You can do this by looking at Google Maps and checking if the suburbs nearby which are also in the filtered list - however, it is probably better to search them in the “Suburb Analyser” section manually as they may not show up in your list due to reasons like price etc.

For example, if South Morang, VIC was one of my remaining shortlisted suburbs I would be checking whether suburbs within the ring I have drawn below also have good DSR Scores and supply / demand dynamics. If so, this is a very positive sign and something to consider when weighing up which suburb you choose to ultimately invest in.

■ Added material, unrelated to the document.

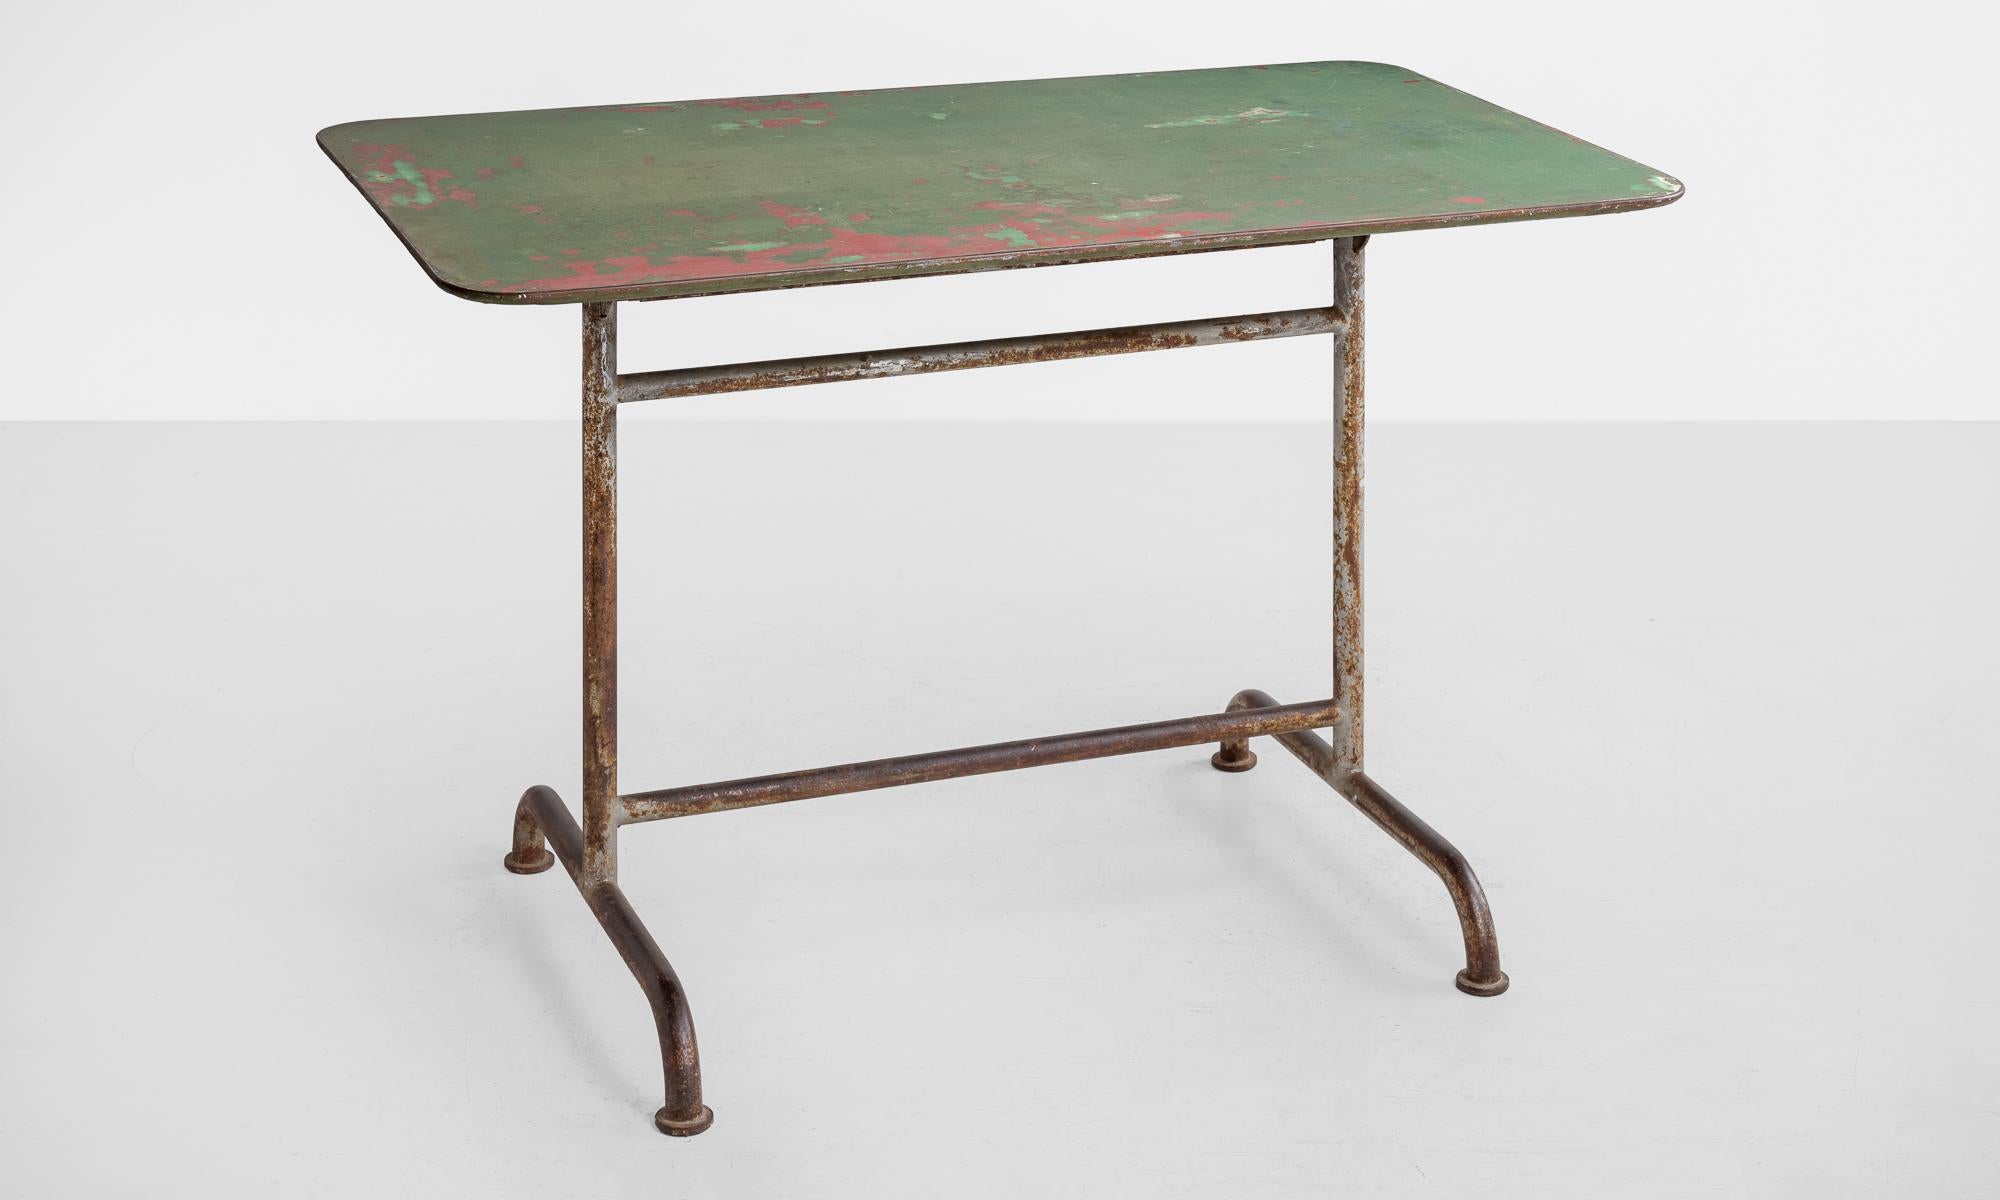 Iron Garden Table, America, circa 1920

Simple form, fold down factory table in original green paint.

Noting that you can also consider the cluster effect from a more macro perspective - for example, you may notice that there are a lot of suburbs from a specific State or City with great supply / demand dynamics.

Just to be clear, this doesn’t mean you just invest anywhere in that State / City - this just helps you identify a pattern of strong data which should give you some confidence in your final investment decision. For example, as I write this in late 2025 / early 2026 most of my shortlist is dominated by VIC suburbs, which gives me confidence that certain suburbs in this state will experience price growth.

Similarly, you may notice a State / City which has a few suburbs popping up in your filtered list but is not the most common - which could suggest it is an emerging market that is gaining strength. For example, as I write this in late 2025 / early 2026 there are a few suburbs in TAS and the ACT which are popping up in my shortlists which suggests these may be emerging markets to also consider (hint hint).

Lastly, I just wanted to flag that if you end up using ‘DSR-3’ they have ‘Heat Map’ function which makes this process of determing clusters of strong data a lot easier - they have a tutorial on YouTube.


Final Step:Choose the strongest remaining suburbs from your shortlist (no more than 5, ideally 3) to compare in an excel spreadsheet with all of the data factors discussed in this ‘Step 4 - Suburb Selection’.

Depending on your level of confidence in the Dex Scores / DSR Scores and the results of your “cluster effect” analysis you may not need to go all out and do a full in-depth analysis comparing data metrics, trends etc.

However, I think it is useful to have it all in a spreadsheet side-by-side so you can see where some suburbs are better than others and what trade-offs you need to make.

Because I am a generous man here is a link to a spreadsheet which you can populate - I have coded the cells so they are linked to the target ranges I have mentioned in this website.

I will say this one more time, this is not a perfect science and there is no perfect suburb. So at some point you need to back yourself and pick a suburb/s to focus on if it meets the data factors we have discussed - MAKE A DECISION AND TAKE ACTION, INVEST!